Lock free single producer/single consumer circular buffer - Can CPU speculation brole the memory barrier logic?

I have been looking at a lock free single producer/single consumer circular buffer when I thought about speculative execution and its effect on the simple code.

With this implementation, there is only a unique thread which can call the push() function and another unique thread which can call the pop() function.

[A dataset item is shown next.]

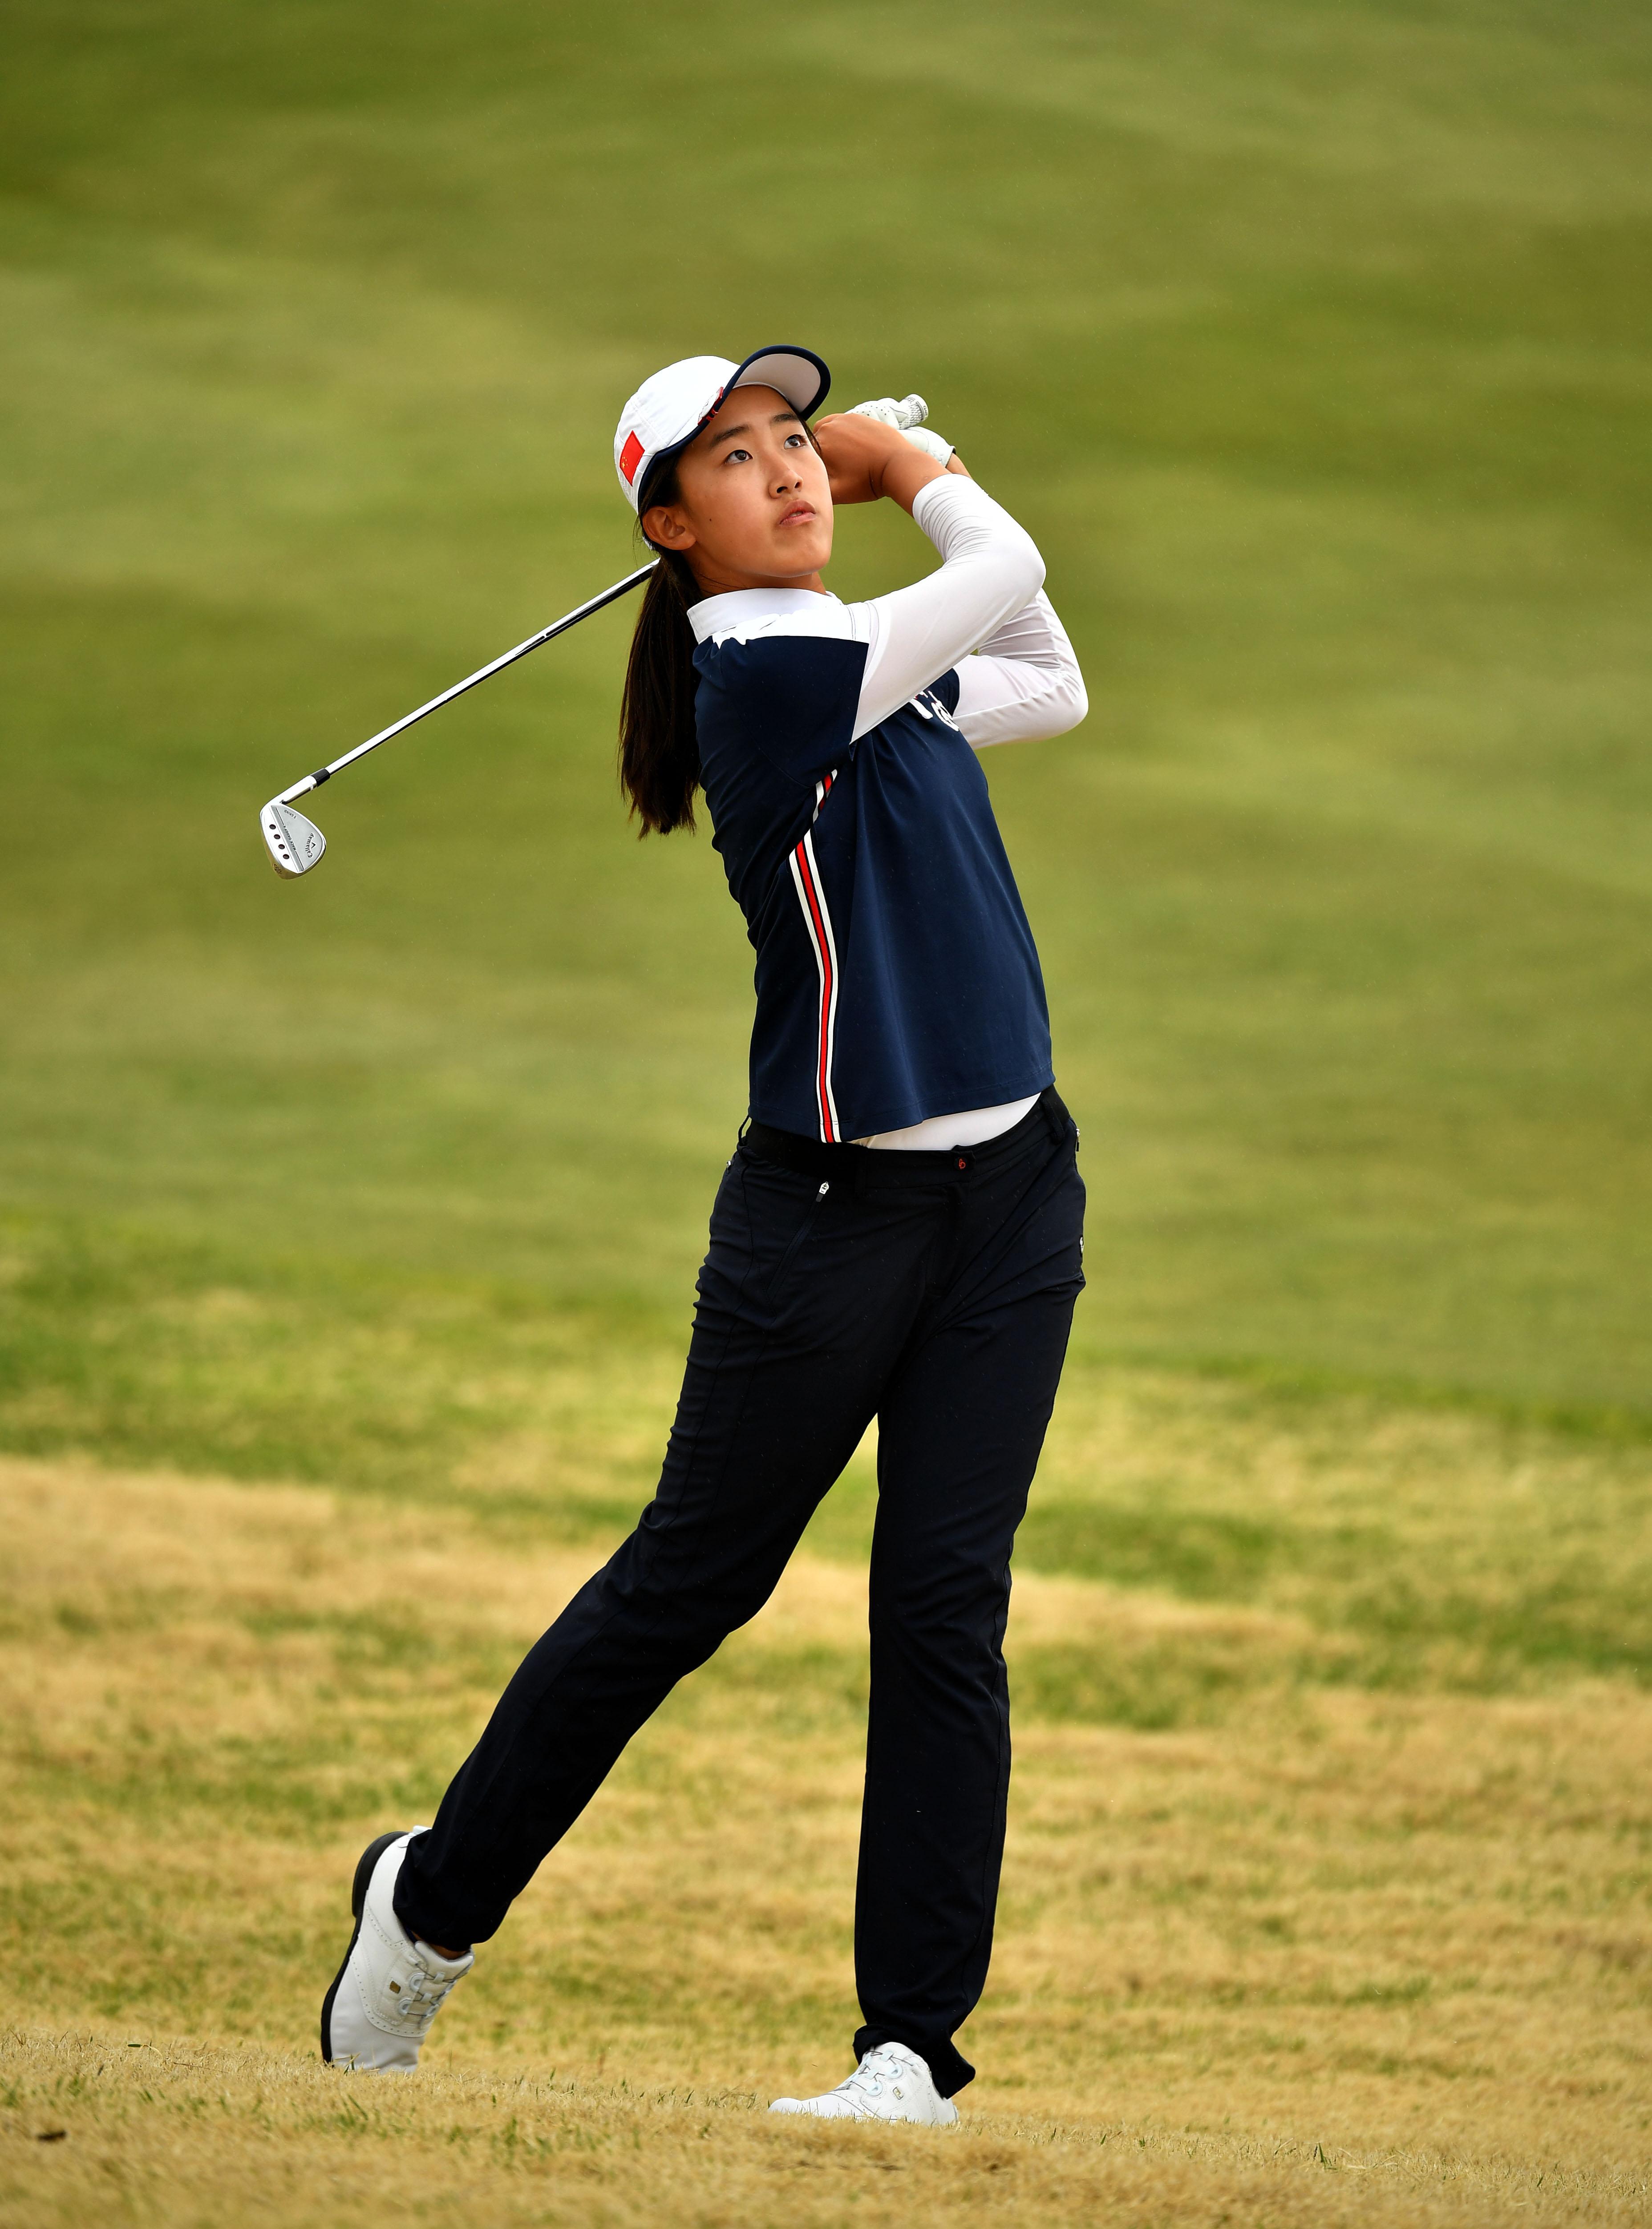 顶级球员认定阿布达比的 亚太女子业余锦标赛是重要的起点

Here is the Producer code:

bool push(const Element& item)
{       
  const auto current_tail = _tail.load(std::memory_order_relaxed);  //(1)
  const auto next_tail = increment(current_tail);

  if(next_tail != _head.load(std::memory_order_acquire))            //(2)               
  {     
    _array[current_tail] = item;                                    //(3)
    _tail.store(next_tail, std::memory_order_release);              //(4)
    return true;
  }
  return false; // full queue
}

Here is the Consumer code:

bool pop(Element& item)
{
  const auto current_head = _head.load(std::memory_order_relaxed);    //(1)
  if(current_head == _tail.load(std::memory_order_acquire))           //(2)
    return false; // empty queue

  item = _array[current_head];                                       //(3)
  _head.store(increment(current_head), std::memory_order_release);   //(4)
  return true;
}

The Question

What if the push() would be compiled as the following function due to speculative execution:

bool push(const Element& item)
{       
  const auto current_tail = _tail.load(std::memory_order_relaxed);  // 1
  const auto next_tail = increment(current_tail);

  //The load is performed before the test, it is valid
  const auto head = _head.load(std::memory_order_acquire);         

  //Here is the speculation, the CPU speculate that the test will succeed
  //store due to speculative execution AND it respects the memory order due to read-acquire
  _array[current_tail] = item;                             
  _tail.store(next_tail, std::memory_order_release); 

  //Note that in this case the test checks if you it has to restore the memory back
  if(next_tail == head)//the code was next_tail != _head.load(std::memory_order_acquire)    
  { 
   //We restore the memory back but the pop may have been called before and see an invalid memory
    _array[current_tail - 1] = item;                                 
    _tail.store(next_tail - 1, std::memory_order_release);             
    return true;
  }
  return false; // full queue
}

To me, to be perfectly valid the push function should make sure the barrier is issued after the condition success:

bool push(const Element& item)
{       
  const auto current_tail = _tail.load(std::memory_order_relaxed);  // 1
  const auto next_tail = increment(current_tail);                   
  if(next_tail != _head.load(std::memory_order_relaxed))            // 2               
  { 
    //Here we are sure that nothing can be reordered before the condition
    std::atomic_thread_fence(std::memory_order_acquire);            //2.1
    _array[current_tail] = item;                                    // 3
    _tail.store(next_tail, std::memory_order_release);              // 4
    return true;
  }
  return false; // full queue
}